In 1975, Richards underwent sexual reassignment surgery following years of depression, suicidal thoughts, and therapy. She left behind her previous life as Richard Raskind, a New York ophthalmologist who had played several times in the men's draw at the U.S. Open before it began allowing professionals in 1968, and had been ranked as high as 13th nationally in the men's 35-and-over division.
Starting over in California, Richards caught on at an ophthalmology practice and resumed playing tennis. She stood over six feet tall, and was reputed to have a deadly left-handed serve. After Richards won the La Jolla Tennis Tournament in July 1976, it was reported that she previously had competed as a man.

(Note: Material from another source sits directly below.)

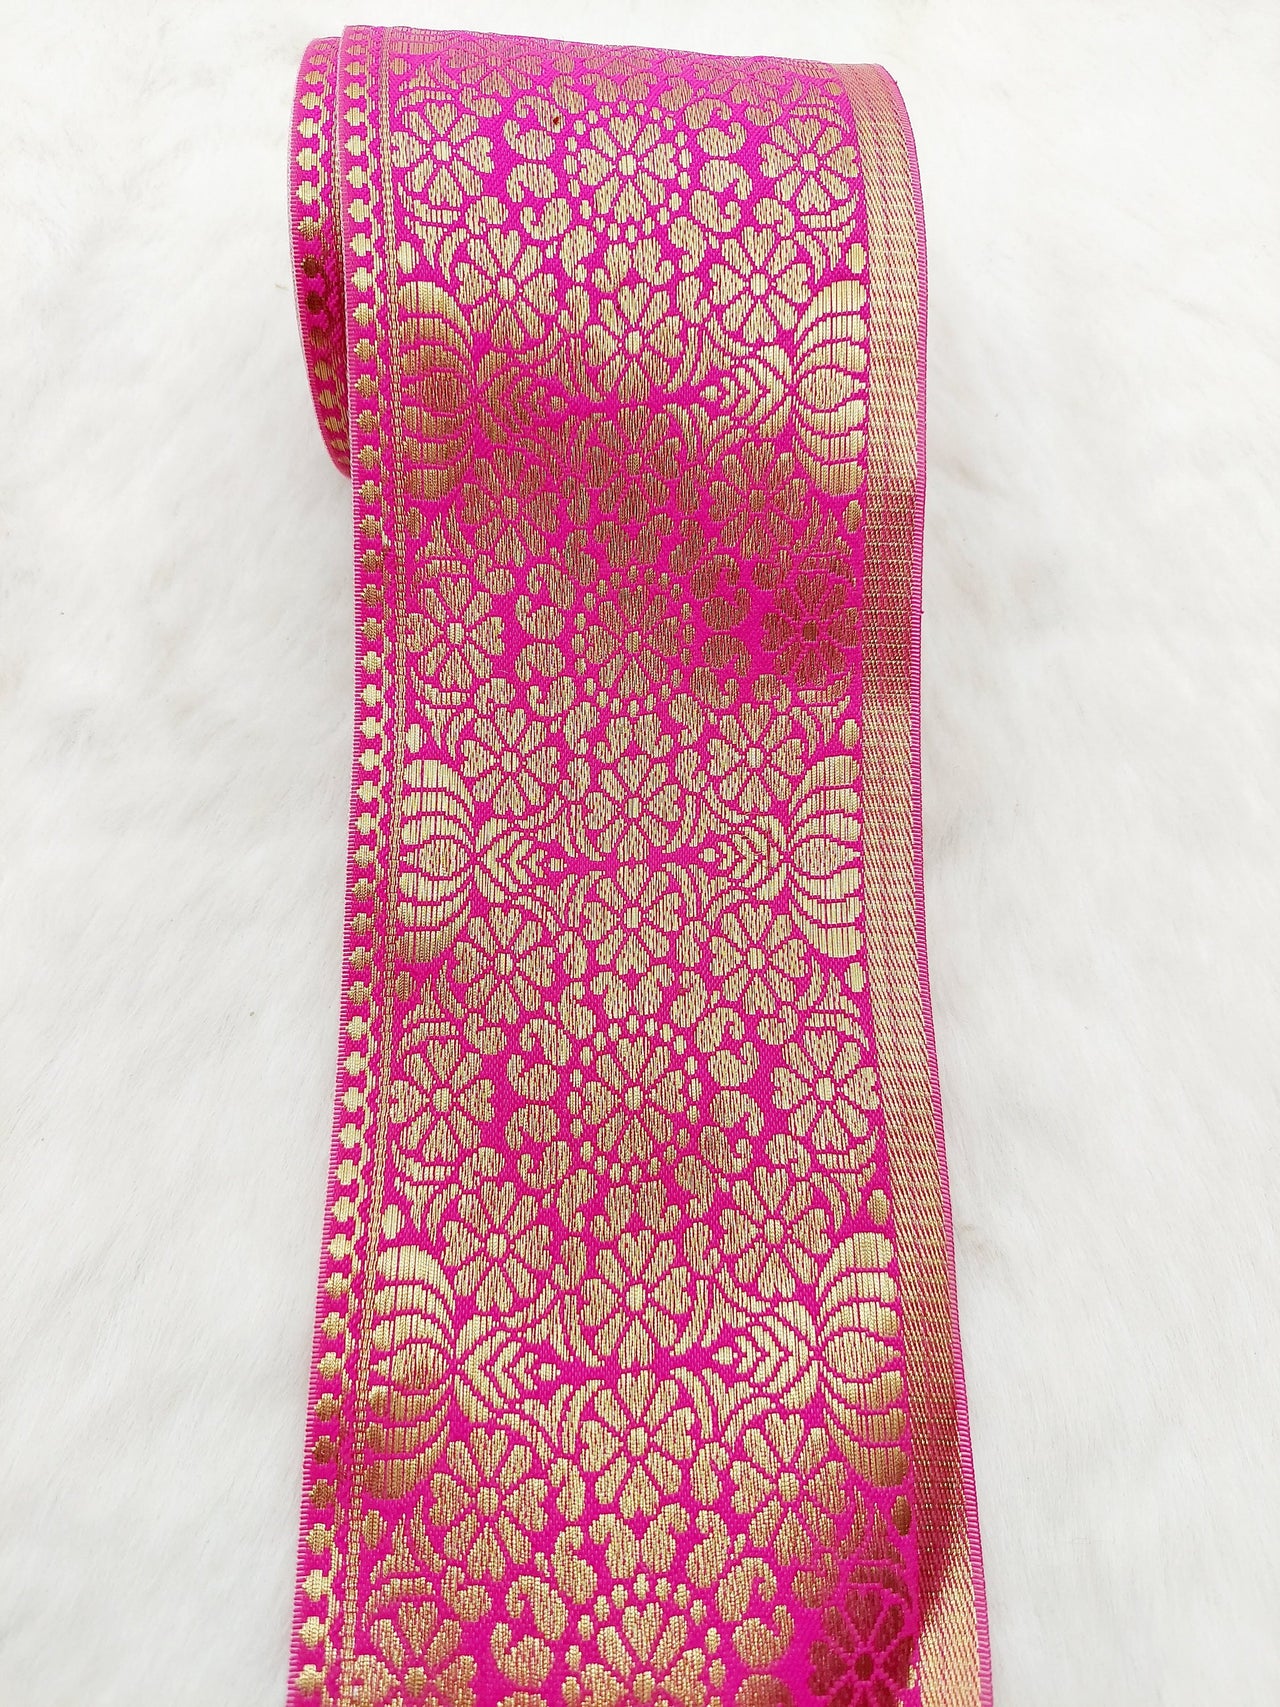 Jacquard Saree Border, Fuchsia Pink And Gold Woven Thread Work Trim, Jacquard Trimming Decorative Trim
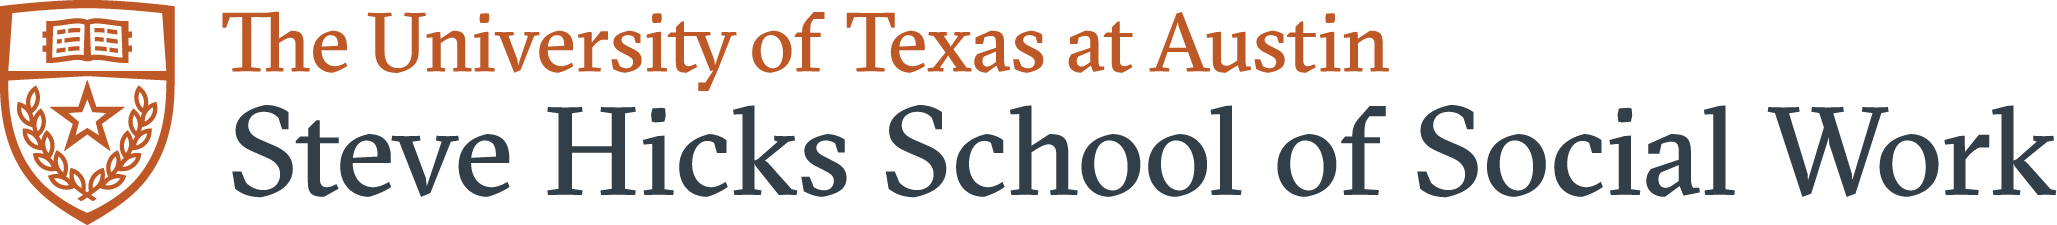 The University of Texas at Austin Steve Hicks School of Social Work

All of which is to say: the new gender verification requirement at the Open was no coincidence.
After La Jolla, a friend invited Richards to participate in the Mutual Benefit Life Open in New Jersey, held right before the Open. By then, Richards had become a full-blown news story. Twenty-five of the 32 women set to play in the tournament dropped out because Richards was involved, calling her presence "unfair." The USTA soon would build on this argument, both at the U.S. Open and in New York State court.
The basic contention? Fairness dictated that a person who was really a man—by the USTA's estimation, and just about everyone else's at the time, too—should not be allowed to compete against women because "his" biology and genetics provided "him" with a competitive advantage.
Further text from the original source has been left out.